**Exercise description:** Only one stretch of lines is wanted: the line with "Toyota Phú Thọ" through the final line of the material. Restate it word for word, minus pictures.

**Information supplied:**
- - - -

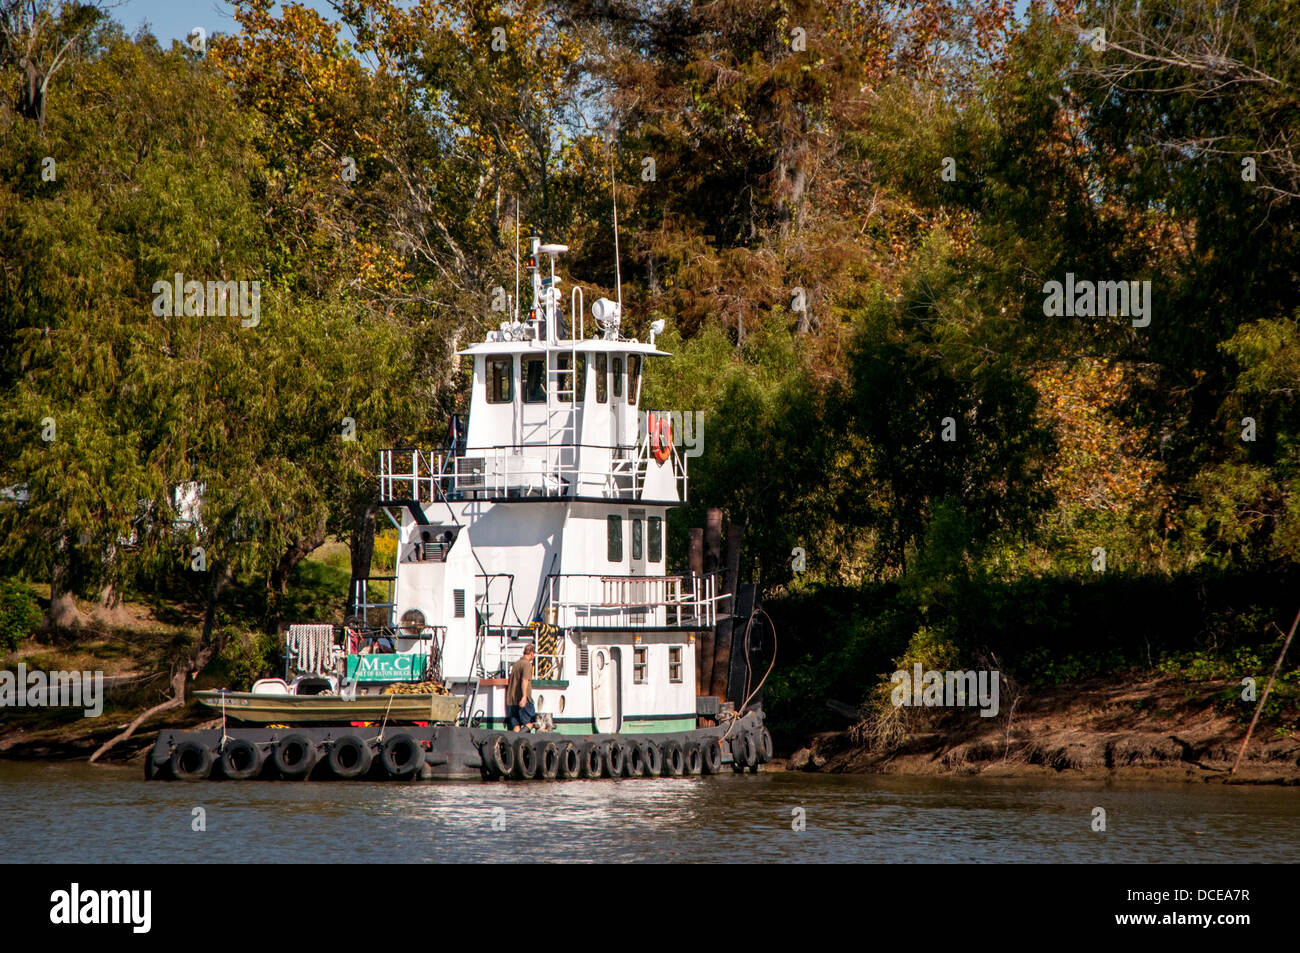 USA, Louisiana, Atchafalaya Basin, tug boat 'Mr. C' of Baton Rouge tied up on a bayou. Stock Photo
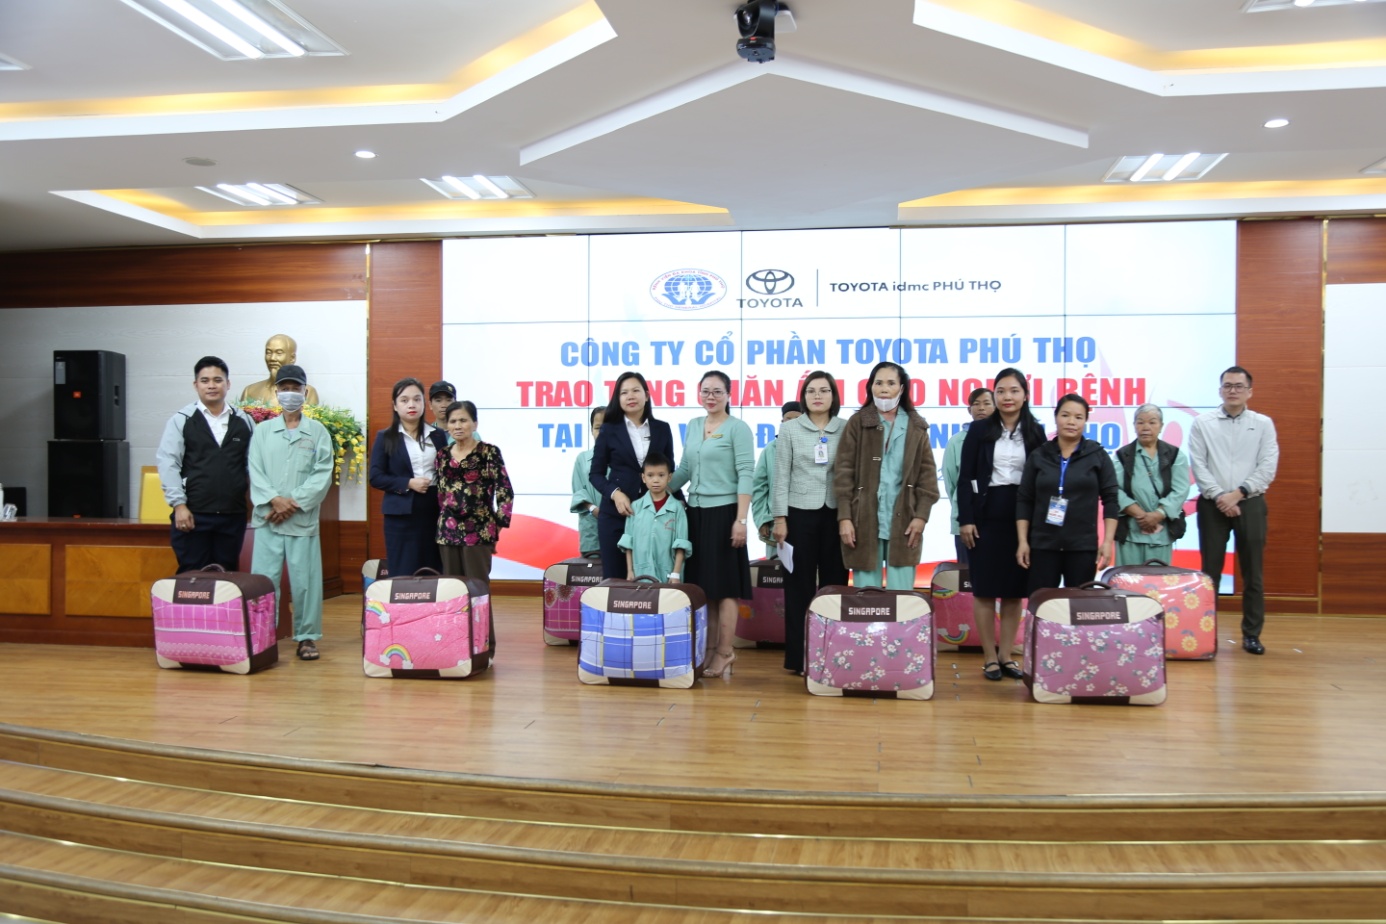 Toyota Phú Thọ trao tặng chăn ấm cho người bệnh có hoàn cảnh khó khăn đang điều trị tại Bệnh viện đa khoa tỉnh Phú Thọ
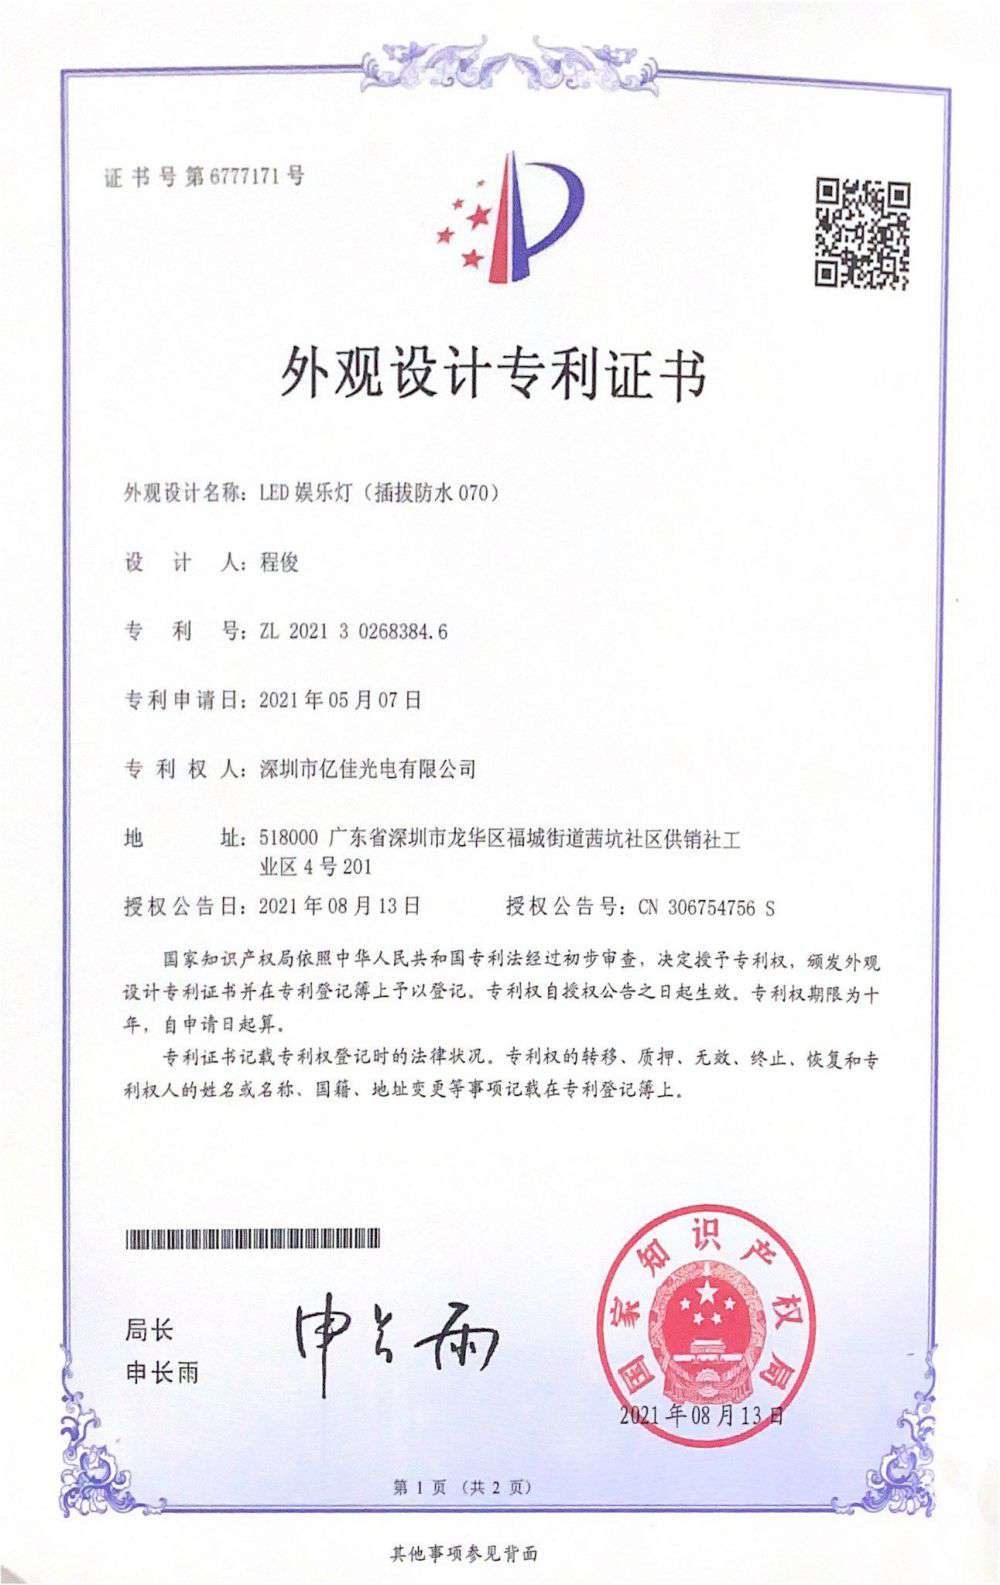 深圳市k8凯发官网光电有限公司LED娱乐灯070获得外观设计专利证书

- - - -

**Exercise answer:**
 Toyota Phú Thọ trao tặng chăn ấm cho người bệnh có hoàn cảnh khó khăn đang điều trị tại Bệnh viện đa khoa tỉnh Phú Thọ
 深圳市k8凯发官网光电有限公司LED娱乐灯070获得外观设计专利证书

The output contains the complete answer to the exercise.